Ransom X Attacks IP Photonics Corp.
The U.S. laser company IP Photonics Corp. recently underwent a ransomware attack supposedly from Russian state-sponsored hackers. Ransom X is believed to be responsible for bringing down the information technology systems of IP Photonics. The adversaries are now threatening the company against involving law enforcement in the matter.
The attack on IP Photonics shall impact U.S. national security implications as the company also develops laser weapons for U.S. defense forces.
Half Of All Americans Have Their PII With China Says FBI
In a recent statement, FBI Director Christopher Wray said that China uses massive data mining to steal the Personally Identifiable Information of almost half of America’s population. He says that an adult in the U.S is more likely to have his data compromised by China than not.
The FBI director supported his argument by stating the 2017 Equifax theft that affected over 150 million people, the attack on the health care provider Anthem, and the Office of Personnel Management affecting 60 million and 22 million people, respectively.
Wray considers this to be one of the most massive transfers of wealth in human history and seconds the State Department’s recent order of shutting down the Chinese consulate in Houston. Such extreme foreign intrusion demands equally bold phishing prevention measures.
Ransomware Hits Eyewear Company Luxottica
Eyewear Company Luxottica recently underwent a ransomware attack, which made the websites for Ray-Ban, LensCrafters, EyeMed, Sunglass Hut, and Pearle Vision inactive. This was in addition to the breakdown of Luxottica’s portals – one.luxotrica.com and university.luxottica.com. Their offices in Agordo and Sedico, Italy, were having trouble with their computer systems as well.

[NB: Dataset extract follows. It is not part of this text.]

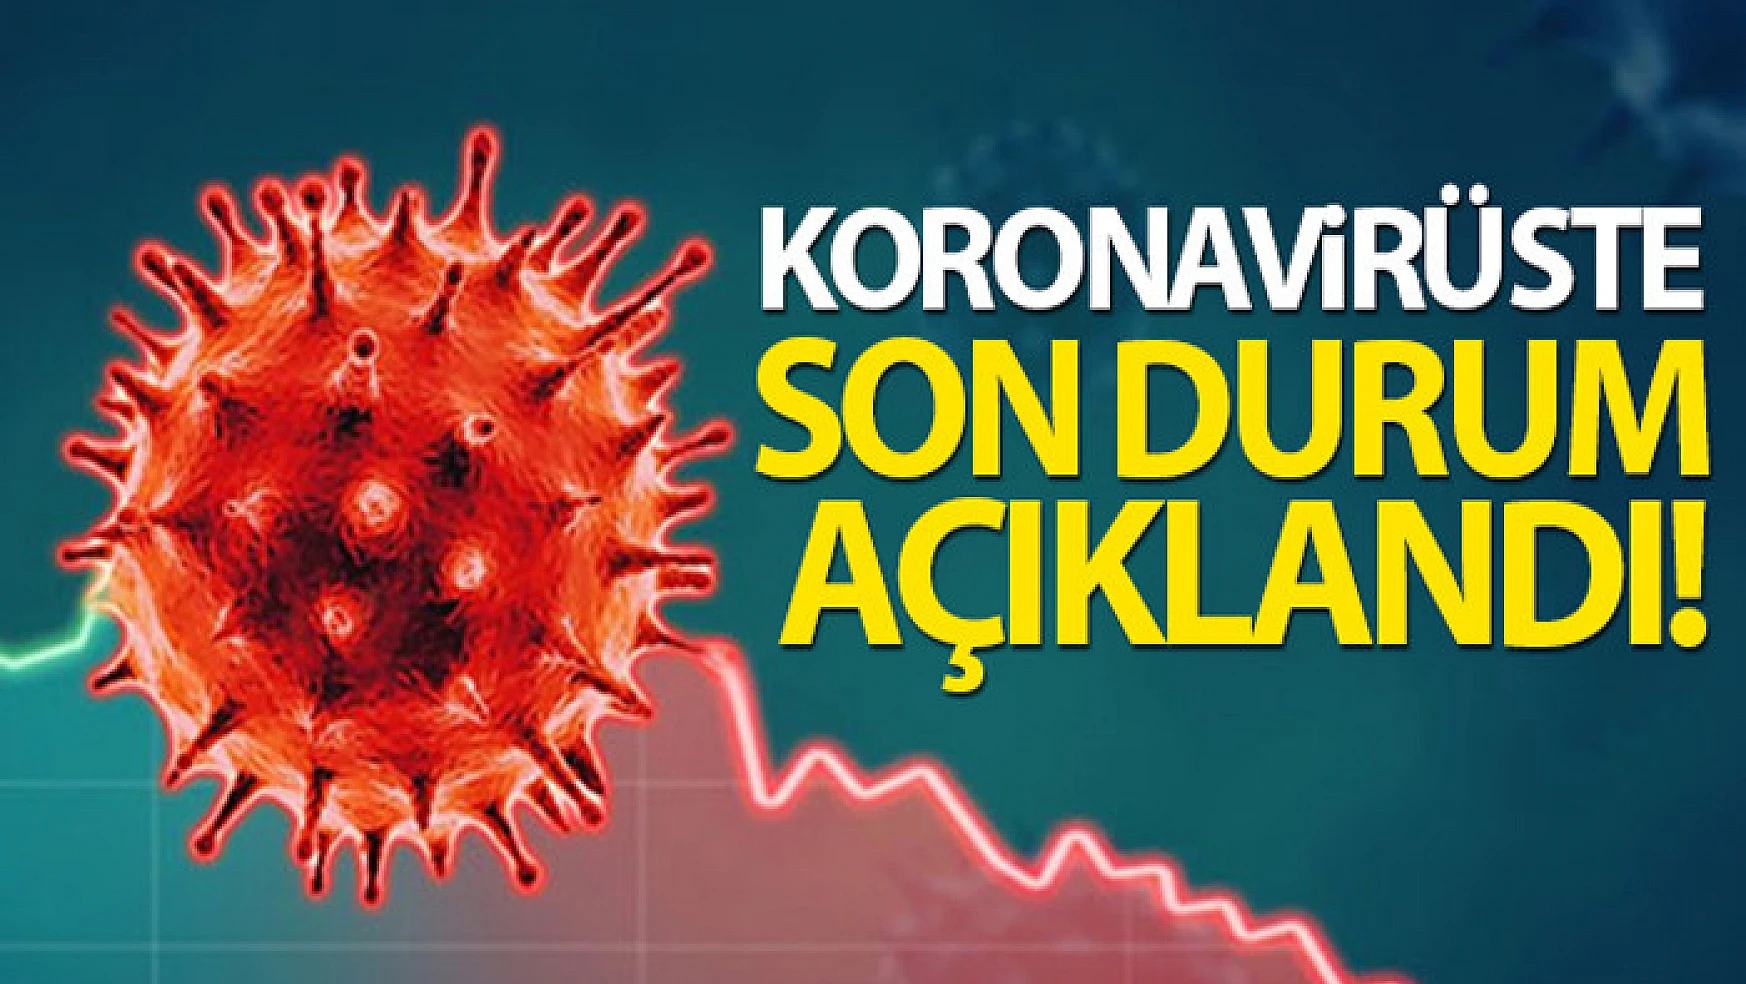 Son 24 saatte korona virüsten 112 kişi hayatını kaybetti

Luxottica’s information security manager Nicola Vanin later confirmed the attack via a LinkedIn post and assured that no user data was compromised so far. Luxottica is taking anti-phishing measures, but their services are yet to be fully operational.
Cyberattack Brings Down the Website Of Ukraine National Police
The Ukraine National Police website underwent a cyberattack at 11:45 am (EEST) on Wednesday, 23rd September. Resultantly, the website became inoperative and was used by the adversaries to post false information. The department notified the breach via a Facebook post and said that their cyber experts are working on restoring their website.
The Ukraine National Police regrets such an incident and is adopting measures to prevent phishing attacks in the future.